If your experience is limited to:
Writing prompts
Using ChatGPT as a tool
Zapier-only workflows
Shipping isolated AI features without system ownership
Do not apply.
This role is for someone who designs, owns, and delivers AI systems as products, translates executive vision into coherent AI capabilities, and leads engineers to build them correctly.
The Mission
We are building an internal AI operating system for a real estate private credit and private equity firm.
Your responsibility is to own the product vision, system design, and execution of this AI platform — ensuring it becomes a reliable, extensible layer that operates across the firm’s core business tools.
This system must:
Read across Asana, Cloze.com, Gmail, Airtable, Dropbox
Reason across time, commitments, relationships, and deals
Surface risk: missed follow-ups, stalled deals, broken promises
Write back into systems safely, with guardrails
Run on triggers and schedules
Evolve into a cohesive, cross-system AI product ecosystem
Think Jarvis for a real operating business, not a chatbot.
Your Role (What You Will Actually Do)
You are not the primary coder.
You are the AI systems product owner responsible for turning business intent into production AI capabilities and guiding a team of fractional / contract AI engineers to deliver them.
1. Translate Executive Vision into AI Products
Work directly with the CEO to understand:
Business priorities
Risk points
Decision-making bottlenecks
Define what AI should do, not just how it’s built
Break vision into concrete AI-enabled products and capabilities
2. Own the AI System Architecture (at a Product Level)

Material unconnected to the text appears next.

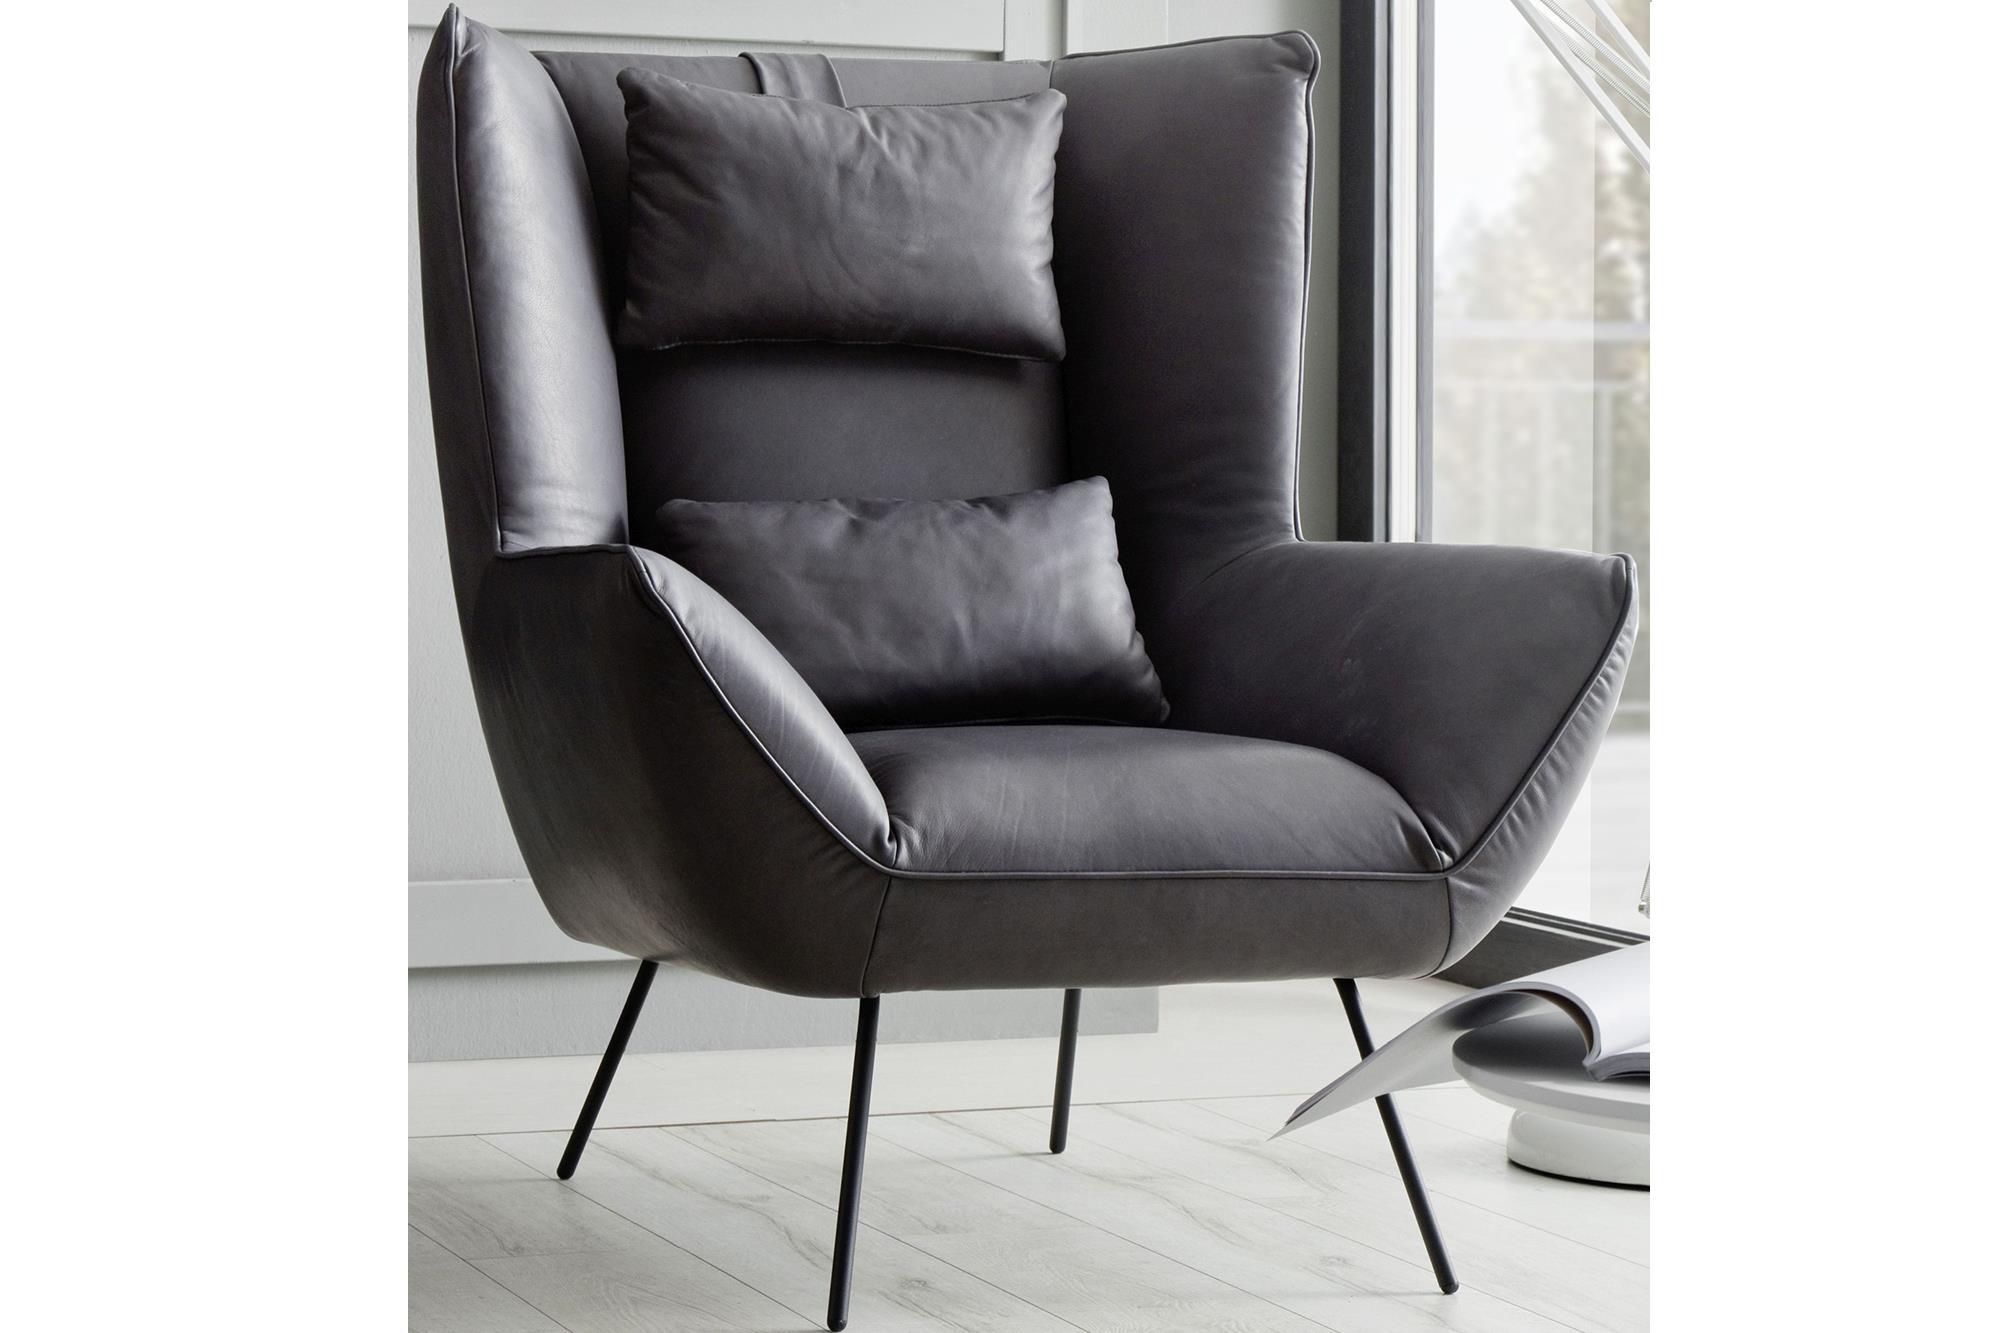 nackenkissen f r sessel wellpur ergo sensitiv. Black Bedroom Furniture Sets. Home Design Ideas

Define the overall system design, including:
Agent roles and responsibilities
Cross-system context and data flow
Read vs write boundaries
Human-in-the-loop approval points
Ensure the system is cohesive, not a collection of disconnected automations
3. Lead and Coordinate AI Engineers
Oversee a team of fractional / contract AI developers and engineers
Provide clear requirements, acceptance criteria, and architectural direction
Review designs and implementations for:
Correctness
Safety
Maintainability
Ensure engineers build toward the product vision, not ad hoc solutions
4. Design AI Capabilities as Products
You will oversee the delivery of:
An agentic AI layer
A primary orchestration agent
Optional specialist agents (CRM, tasks, email, data)
Cross-system intelligence
Normalized context from structured + unstructured data
Reasoning across tools and time
Action execution
Task creation and updates
CRM notes and relationship updates
Data record updates
Drafted communications for approval
Triggers and automation
Time-based (daily, weekly)
Event-based (emails, overdue tasks, stalled deals)
5. Governance, Risk, and Control
Define guardrails for AI actions
Ensure:
Scoped permissions
Read vs write separation
Explicit approvals for sensitive or destructive actions
Plan for failure modes and recovery
Required Background (Non-Negotiable)
You must have hands-on experience owning AI systems, even if you were not the primary coder.
You should be able to confidently reason about:
LLM agent architectures and tool calling
Claude and/or OpenAI capabilities and tradeoffs
MCP or MCP-style multi-tool architectures
API-based integrations (CRMs, task tools, email, databases)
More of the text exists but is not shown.